Communicative participation restrictions in multiple sclerosis: Associated variables and correlation with social functioning

Author(s):

Yorkston K, Baylor C, Amtmann D

Year:

2014

Publication Info:

Journal of Communication Disorders, 52:196-206

Abstract:

Individuals with multiple sclerosis (MS) are at risk for communication problems that may restrict their ability to take participation in important life roles such as maintenance of relationships, work, or household management. The aim of this project is to examine selected demographic and symptom-related variables that may contribute to participation restrictions. This examination is intended to aid clinicians in predicting who might be at risk for such restrictions and what variables may be targeted in interventions. Community-dwelling adults with MS (n=216) completed a survey either online or using paper forms. The survey included the 46-item version of the Communicative Participation Item Bank, demographics (age, sex, living situation, employment status, education, and time since onset of diagnosis of MS), and self-reported symptom-related variables (physical activity, emotional problems, fatigue, pain, speech severity, and cognitive/communication skills). In order to identify predictors of restrictions in communicative participation, these variables were entered into a backwards stepwise multiple linear regression analysis.
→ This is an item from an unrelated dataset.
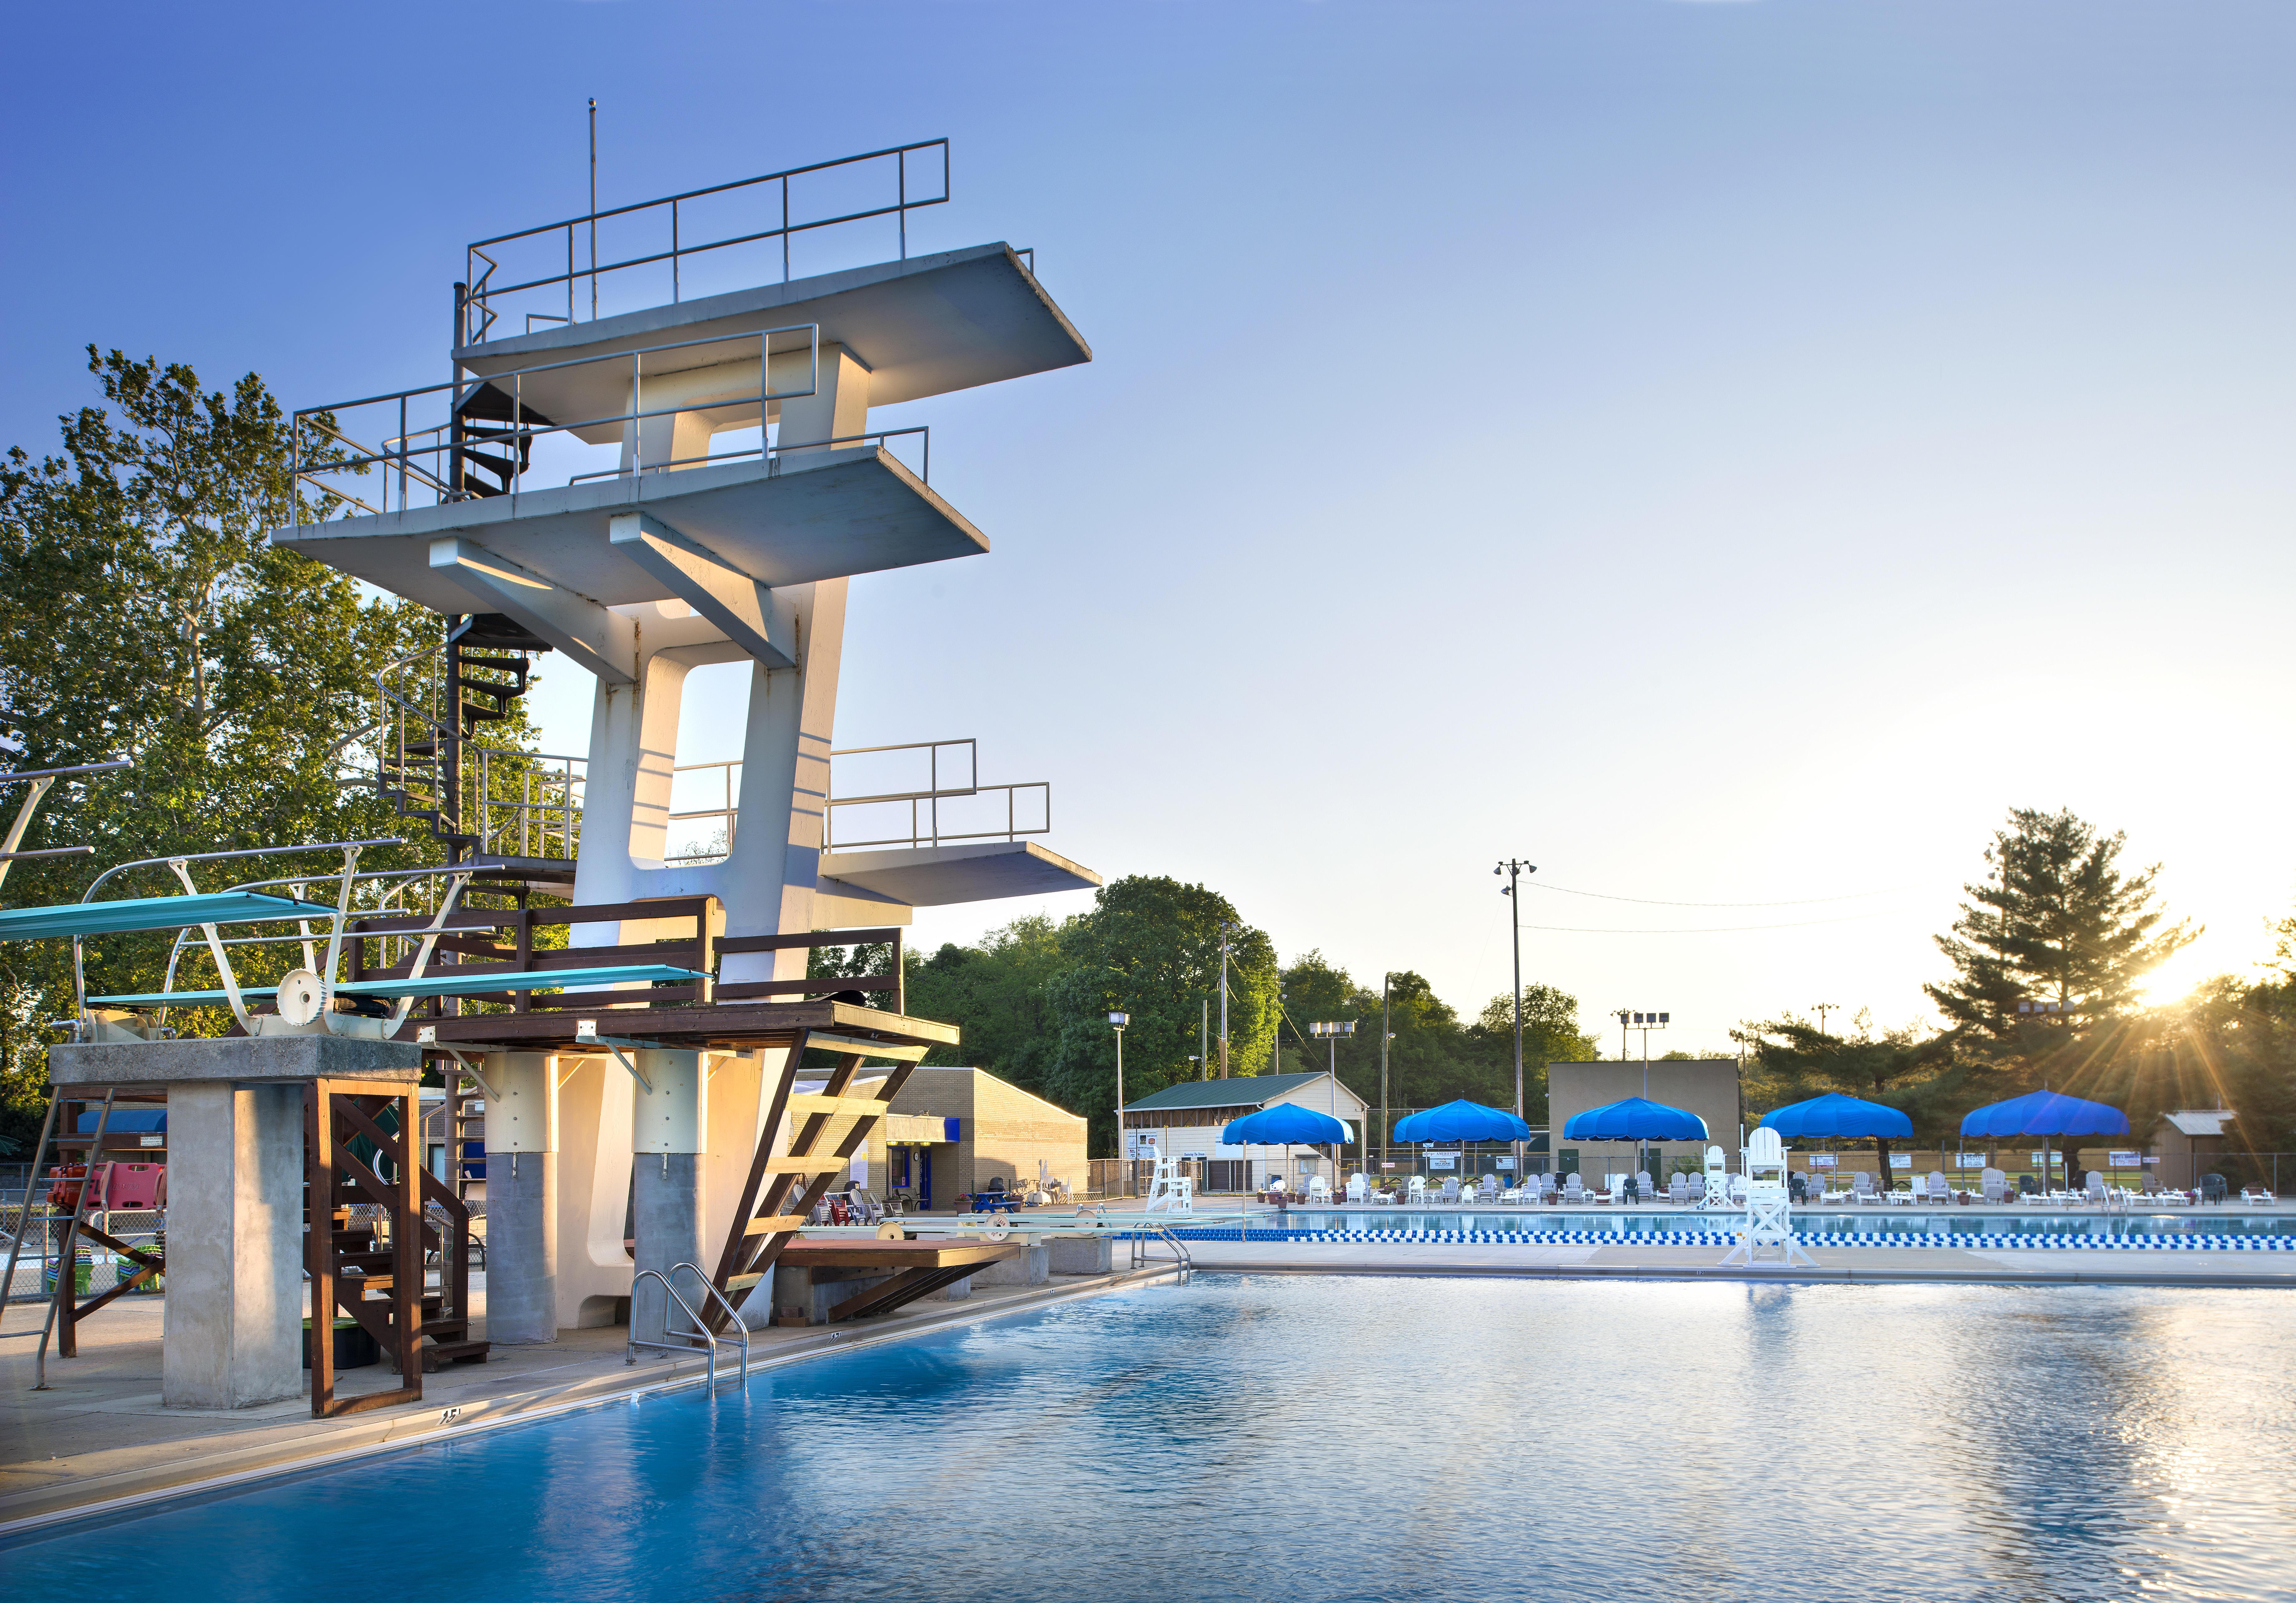 sports facilities events services hamilton county na forest park aquatic center

Five variables (cognitive/communication skills, speech severity, speech usage, physical activity, and education) were statistically significant predictors of communication participation. In order to examine the relationship of communicative participation and social role variables, bivariate Spearman correlations were conducted. Results suggest only a fair to moderate relationship between communicative participation and measures of social roles. Communicative participation is a complex construct associated with a number of self-reported variables. Clinicians should be alert to risk factors for reduced communicative participation including reduced cognitive and speech skills, lower levels of speech usage, limitations in physical activities and higher levels of education.